By combining machine learning algorithms and cameras, a machine can visually inspect a range of objects and detect flaws, contaminations, as well as product defects.
Initially, it’ll need to be fed with a ton of data on images of healthy and unhealthy fruits and vegetables. This way, it’ll be able to learn from the provided samples, differentiate spoiled from healthy vegetables and classify them according to shape, size, color and quality.
The result is a faster, more reliable and more consistent sorting machine.
5. Intelligent Spraying
There’s a worldwide increase in food demand.
This has primarily been propelled by the exponential growth in human population in the recent decades. In fact, the United Nations estimates that 9.8 billion people will need food in 2050.
So there’s an urgent need to increase food production, something that has led to an increase in the exploitation of vital resources like water and fertilizers.
Achieving these results should be without compromising the key physical and chemical components of soil. It’s the only sure fire way to a sustainable food production model.
So how does artificial intelligence come to the rescue?
Precision farming is transforming the agricultural world.
Precision farming refers to a collection of strategies and tools that enables a farmer to optimize soil quality and productivity through a series of targeted interventions, built on advanced technologies.
Thanks to technological advances in computer vision, mechatronics, and machine learning, we can now develop and implement remote sensing technologies to aid with weed, pest and disease management.
Armed with deep learning and internet of things technologies, farmers and the agtech industry can now reimagine the future of agriculture.
Conclusion
The future of artificial intelligence in agriculture is in sight.
Recent technological advancements in computer vision, deep learning and the internet of things have created a lot of excitement around the capabilities of AI in agriculture.
There’s still a ton of challenges to be overcome in these applications of artificial intelligence in agriculture.
Beside these common data biases when conducting agricultural data analysis, there’s the problem of the availability of the data in the first place.
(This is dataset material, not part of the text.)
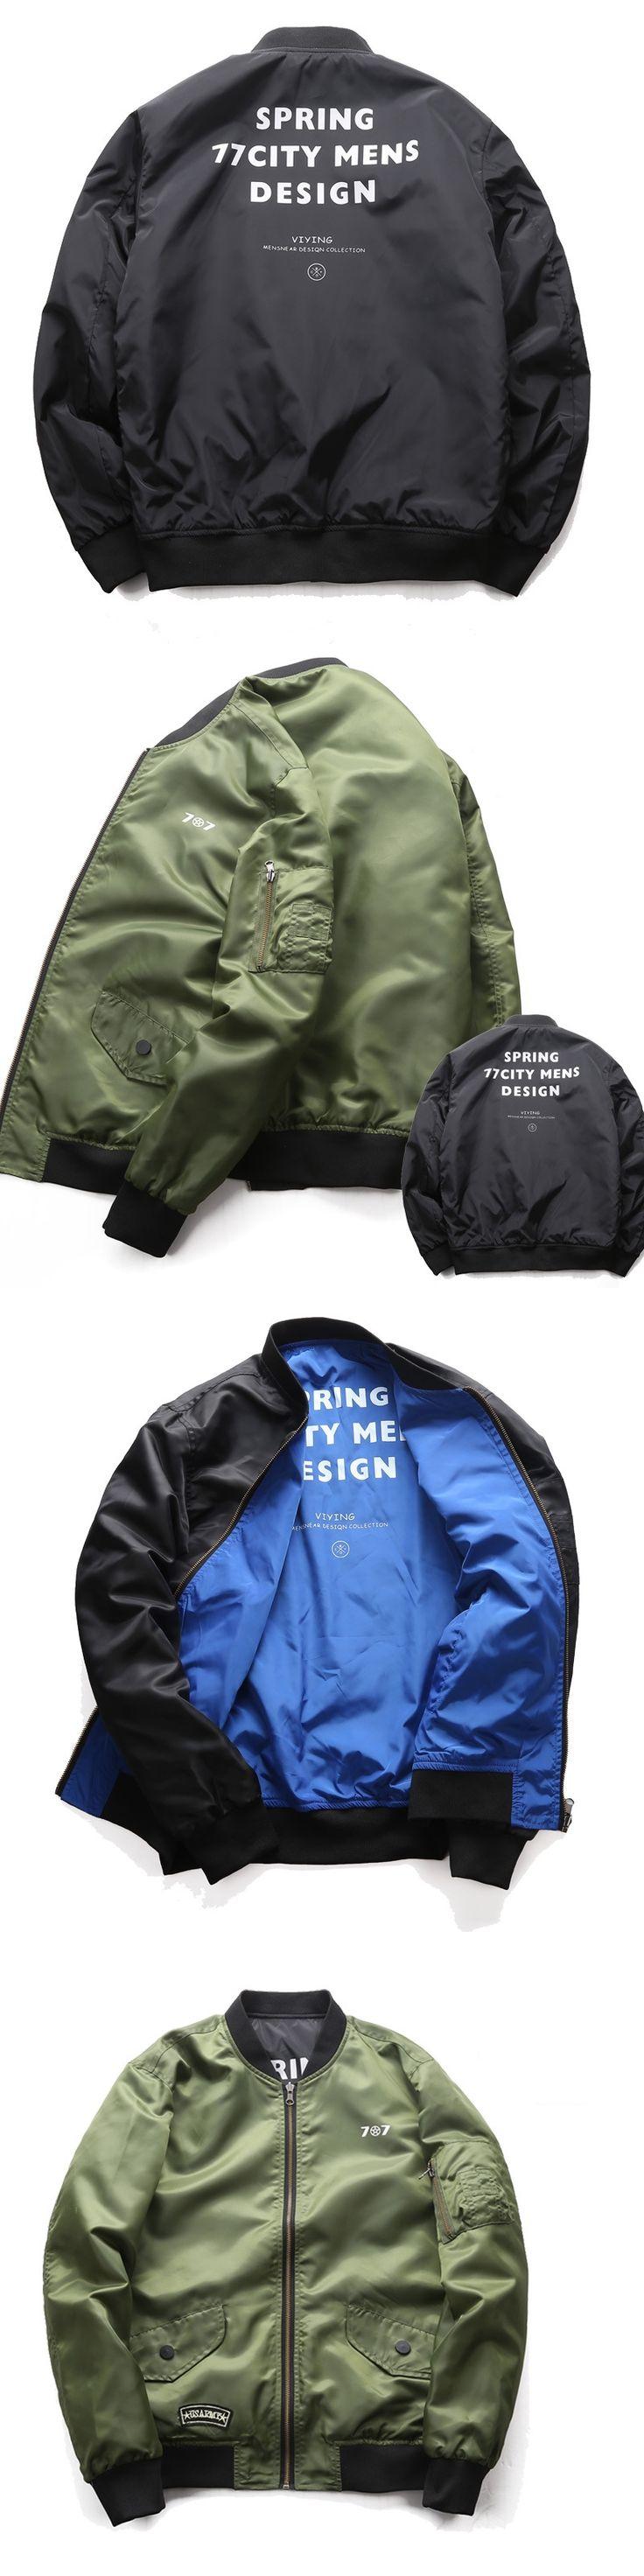 Men Bomber Jacket 2017 New Winter Spring Men Army Green Merch Flight Coats Fashion Air Force One 6XL Jacket
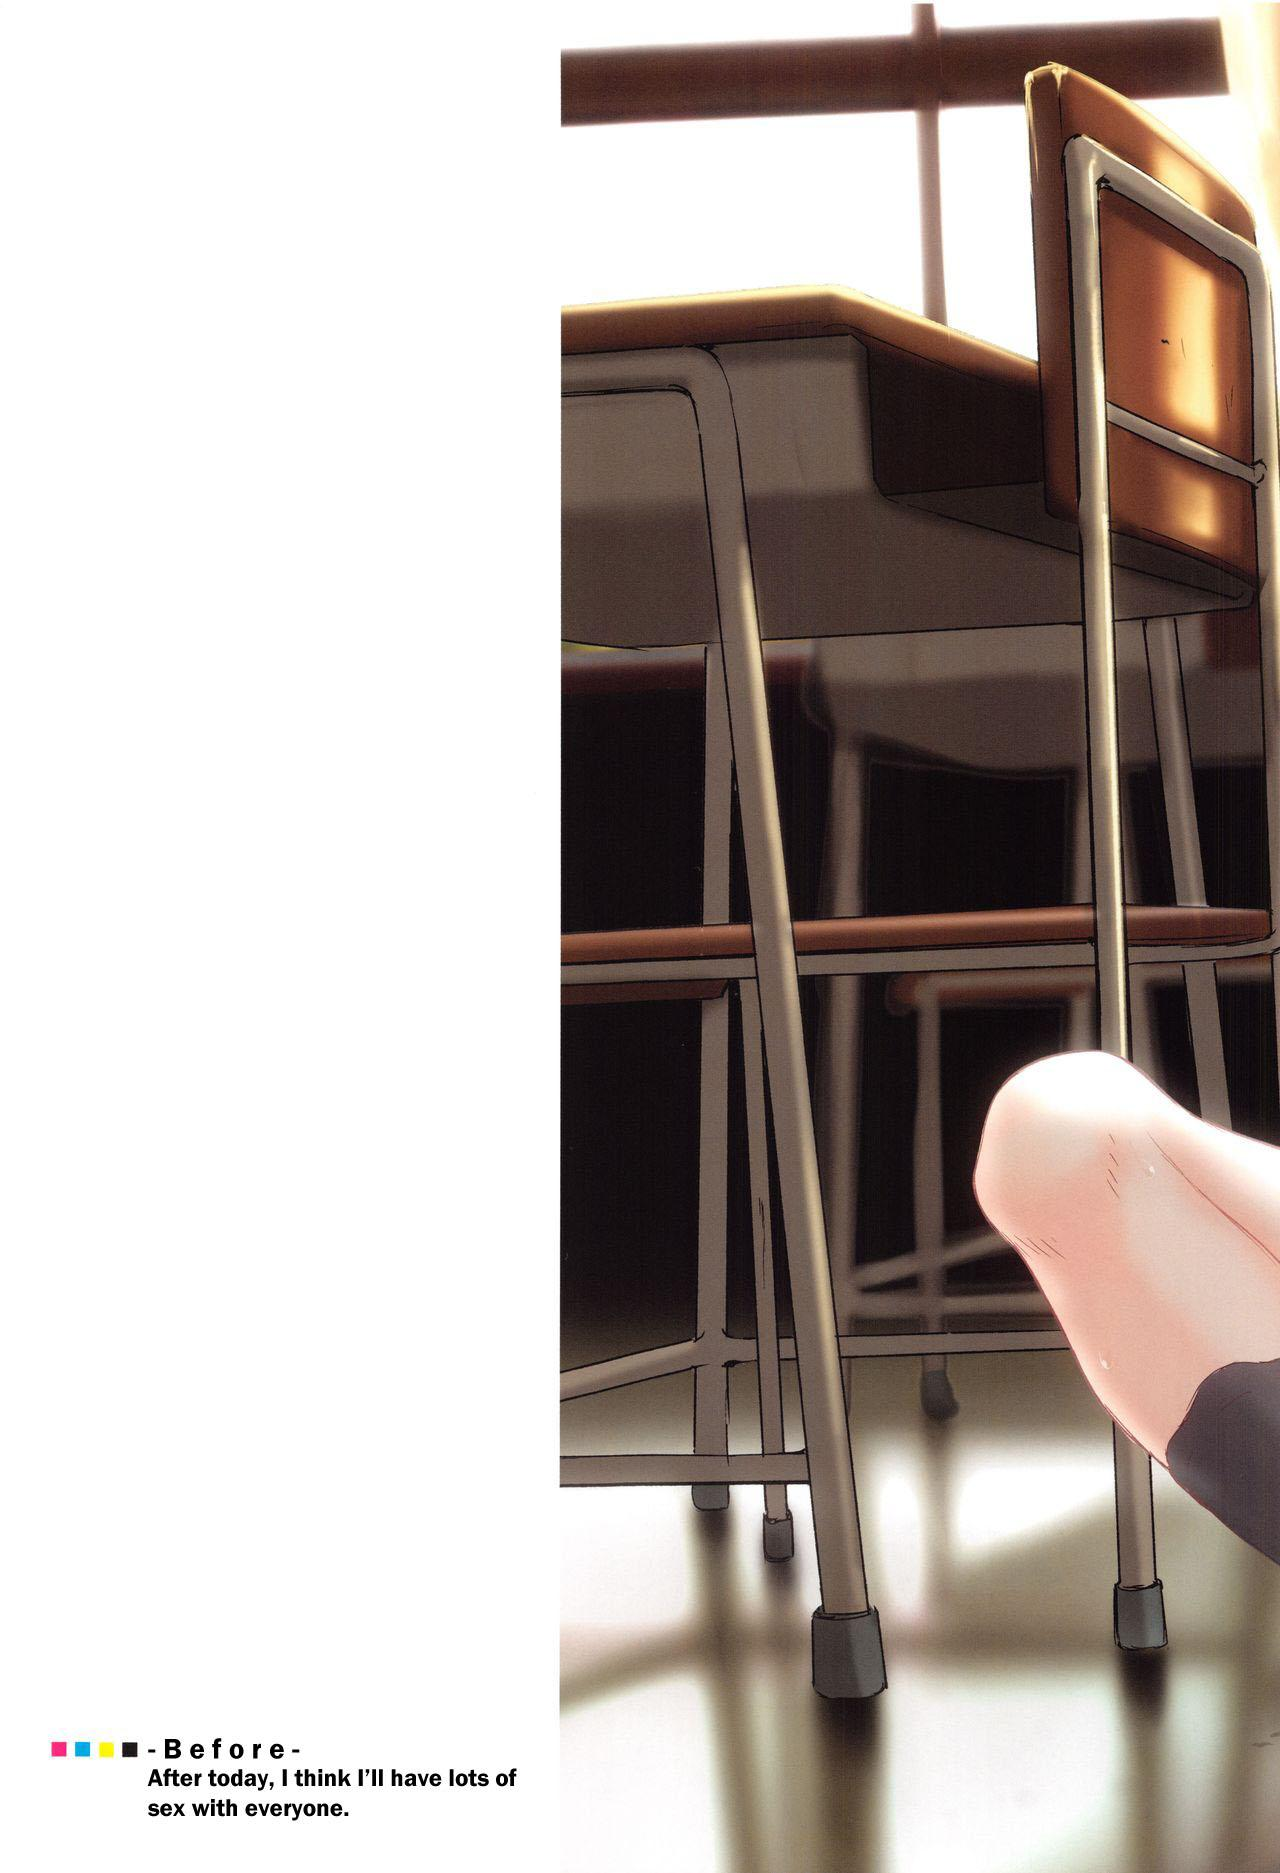 [Peromex (Tamanoi Peromekuri)] ©-sei de Manabu, Tadashii Sex Kouza | JC Hands-On Proper Sex Lecture [English] [bientaimon] [2019-11-09] 29

This is followed by the quality of the available data to make it suitable for analysis.
Then how affordable are the artificial intelligence platforms to develop on?
Besides, there’s also raging debates on the potential risks of incorporating artificial intelligence in large scale agricultural operations.
On the flip side, AI has been successfully implemented in other aspects of agriculture like soil monitoring, livestock health monitoring, and automatic weeding. Automated grading and sorting have also been met with a great deal of success.
I’m closely following how farmers are adapting to these advancements.